What about OfficeMax customers? Will they be any worse off? That is, under the new scheduling policy will OfficeMax potentially lose customers to rivals?

OfficeMax’s general deliveries take one to three days. I would have to believe that OfficeMax will arrange its new delivery schedule so that the average customer is no worse off under the new compressed schedule than he would have been originally. That is, I assume that customers will still receive their deliveries within one to three days. In this case, the only customers who will not be happy with the new policy are those who prefer to take deliveries on Mondays and/or those who order on Monday and need same-day delivery. I can’t imagine there are that many customers out there who insist on Monday deliveries. As for same-day-deliveries, I would imagine that the general logistics of delivery scheduling mean that same-day deliveries are handled differently than regular deliveries. In this case the new delivery scheduling wouldn’t affect same-day deliveries. So then OfficeMax’s customers should generally be no worse off with the new initiative.

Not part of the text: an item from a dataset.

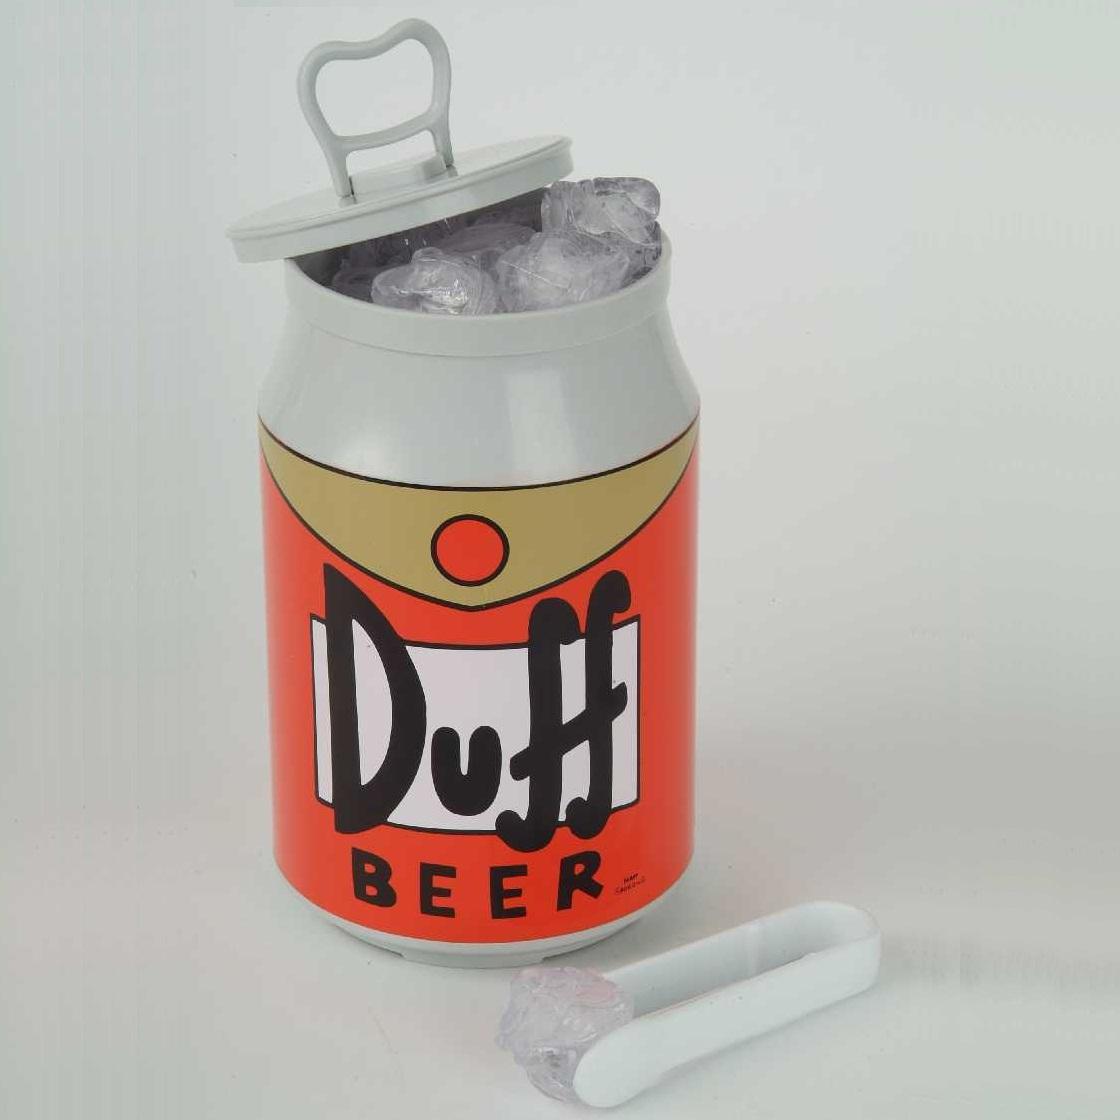 Talking Ice Bucket Duff Beer Homer The Simpsons

Now that we have the costs and benefits of the current initiative, we can return to one of my earlier questions: should OfficeMax stop at four delivery days a week, or should it further pare down delivery days?

At four days a week, OfficeMax can use the same crew of delivery drivers, and as we saw above, OfficeMax labor and truck costs should remain about the same. However, if OfficeMax were to cut delivery days to fewer than four days a week, then it would almost certainly have to run a larger fleet of trucks and drivers to get the same total number of deliveries done in fewer days. This would increase OfficeMax’s costs of labor and trucks, and the added delivery personnel would increase commuting miles, thereby offsetting any savings in the original drivers’ gas and emissions costs. At the same time, while not being able to take delivery on Mondays shouldn’t cause OfficeMax to lose substantial numbers of customers, precluding deliveries two days a week or more might very well result in lost business.

What we’re left with is that OfficeMax’s new initiative is probably optimized at reducing delivery days by only one day a week, as opposed to by more. However, the overall social impact of OfficeMax’s initiative sounds a lot better than it really is.